The PCR products were separated by 1.5% agarose gel electrophoresis and visualized by exposure to ultraviolet light (302 nm) after ethidium bromide staining. The substitution creates a BstEII restriction site in the A allele and this will be confirmed by incubated the PCR Amplified products (12 μL) with 5 U of BstEII (supplied by Promega corporation, USA) per reaction at 60°C over night. Digested products were electrophoresis on a 3.0% agarose gel. The digested A allele yields a fragment of 130 bp and the G allele yields an intact 152 bp fragment.

RESULTS AND DISCUSSION

The Ala17 allele of the CTLA4 gene was preferentially transmitted from parents to diabetic offspring (p<0.0001) as shown by the combined Transmission/Disequlibrium Test (TDT) and Sib TDT (S-TDT) analysis. A significant difference between diabetic and non-diabetic offspring was also observed for the transmission of alleles 17, 20 and 26 of the dinucleotide microsatellite. Allele 17 was transmitted significantly more frequently to affected offspring than to other children (p = 0.0112) whereas alleles 20 and 26 were transmitted preferentially to non-diabetic sibs (p = 0.045 and 0.00068, respectively). A nonrandom excess of the Ala17 CTLA4 molecular variant (Maximum Logarithm of odds Score (MLS) of 3.26) and allele 17 of the dinucleotide marker (MLS = 3.14) was observed in IBD-affected sibling pairs. Figure 1 shows PCR product of (FTO) gene electrophoresis on agarose gel (2%), 45 min/70 V and the reaction was carried out as shown in Table 1.

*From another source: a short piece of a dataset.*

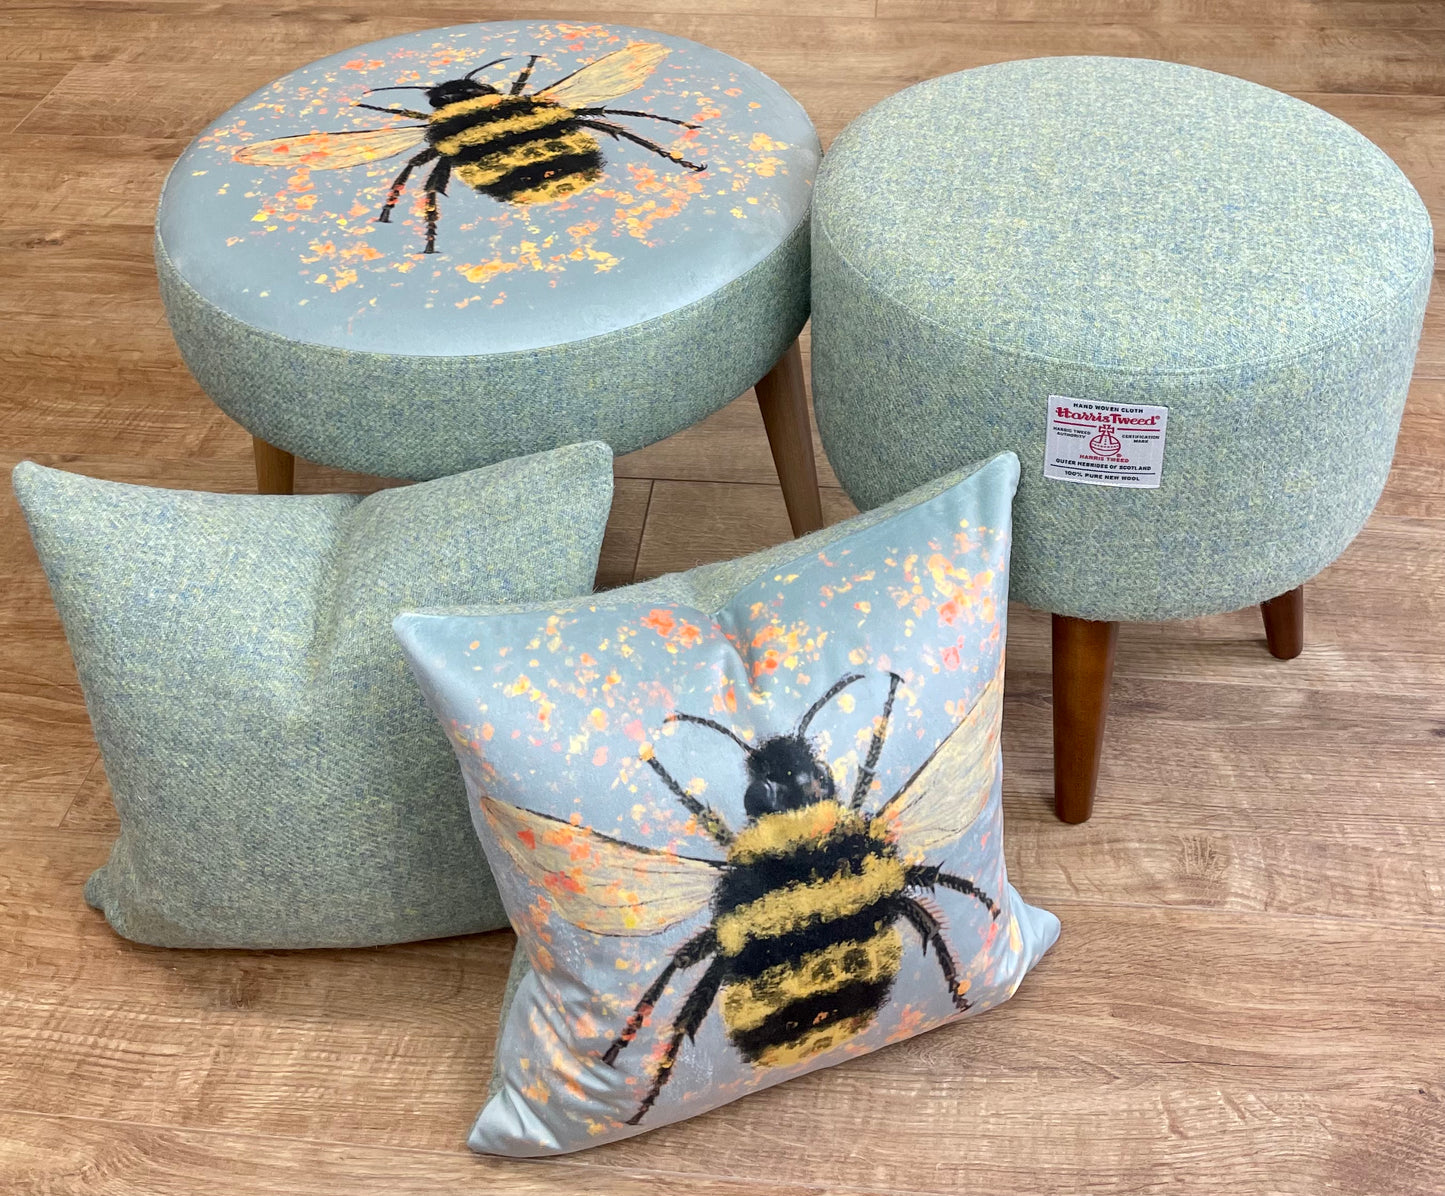 Bee with Pollen on Duck Egg Velvet Cushion with Harris Tweed

Fig. 1:	PCR product electrophresed on agarose 2% 70 V/45 min

Table 1:	PCR with FTO primes

From Fig. 1 Line 1 DNA marker 100 bp; Line 3, 6, 9 : PCR product; Line 10, 11: negative result Product 152 bp.

CONCLUSION

A significant difference between diabetic and non-diabetic offspring was also observed for the transmission of alleles 17, 20 and 26 of the dinucleotide microsatellite. Allele 17 was transmitted significantly more frequently to affected offspring than to other children (p = 0.0112) whereas alleles 20 and 26 were transmitted preferentially to non-diabetic sibs (p = 0.045 and 0.00068, respectively).